Thread: using window-functions to get freshest value - how?

using window-functions to get freshest value - how?

From
"Massa, Harald Armin"
Date:
I have a table

CREATE TABLE rfmitzeit
(
 id_rf inet NOT NULL,
 id_bf integer,
 wert text,
 letztespeicherung timestamp without time zone
 CONSTRAINT repofeld_id_rf PRIMARY KEY (id_rf),
 );
 
 
where for one id_bf there are stored mutliple values ("wert") at multiple dates:
   
   id_bf,  wert, letztespeicherung:
   98,  'blue', 2009-11-09
   98,  'red', 2009-11-10
   
   
now I have a select to get the "youngest value" for every id_bf:
   
select
rfmitzeit.id_bf, rfmitzeit.wert
   from
rfmitzeit
join
(select
   id_bf, max(rfmitzeit.letztespeicherung) as maxsi
from
   rfmitzeit
group by id_bf
) idbfzeit on (rfmitzeit.id_bf=idbfzeit.id_bf and rfmitzeit.letztespeicherung=idbfzeit.maxsi)  
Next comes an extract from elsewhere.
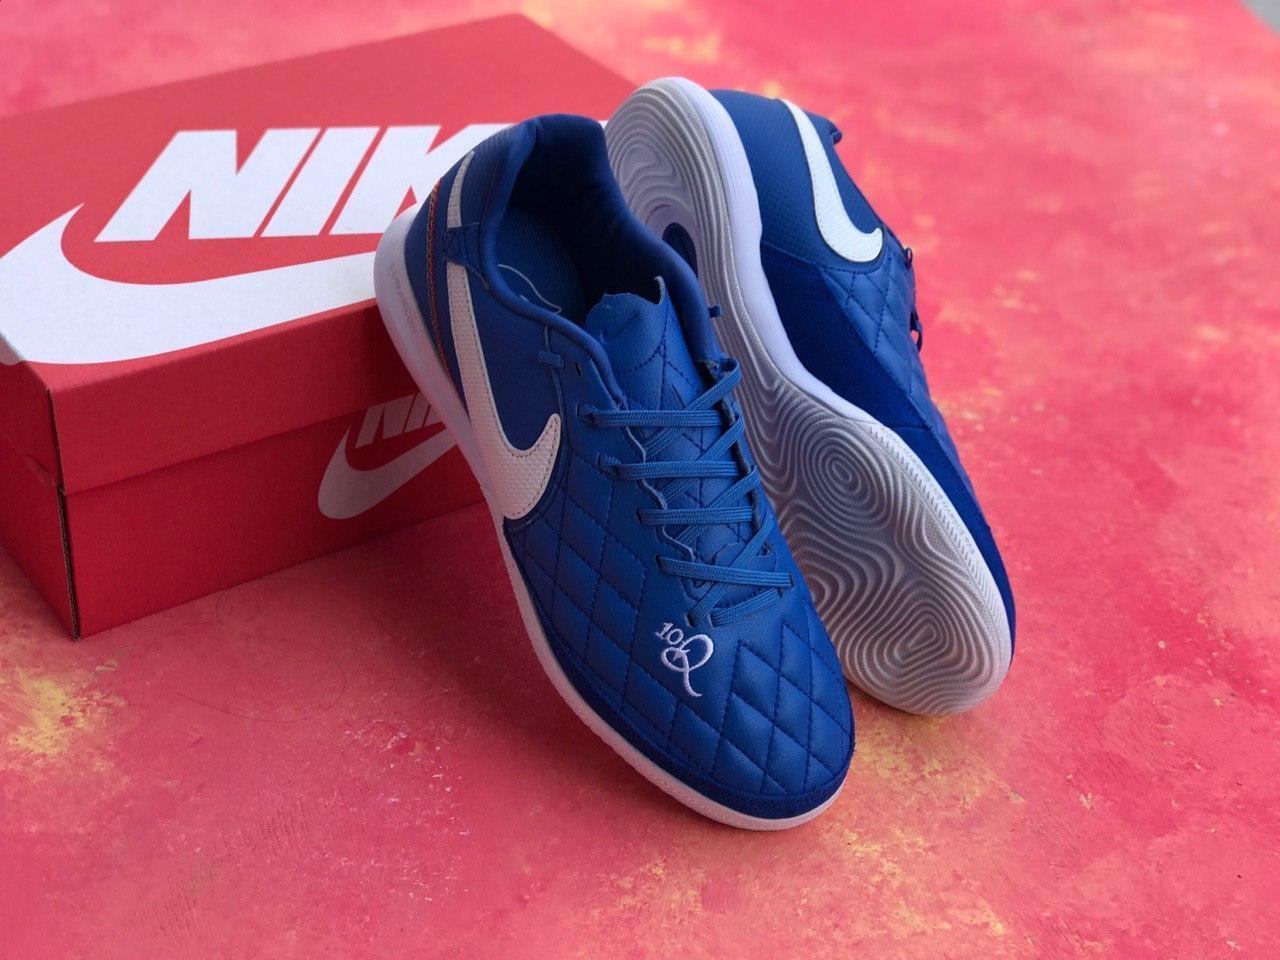 Футзалки Nike Tiempo Lunar Legend VII 10R IC  / бампы найк темпо/футбольная обувь синие

which works quite fine. But I want to extend my knowledge....

so I have the feeling that this should be possible using a WINDOW-function,
but I can not find out how. (besides curiousity, I also want to test if doing this kind of query with window-functions will be faster)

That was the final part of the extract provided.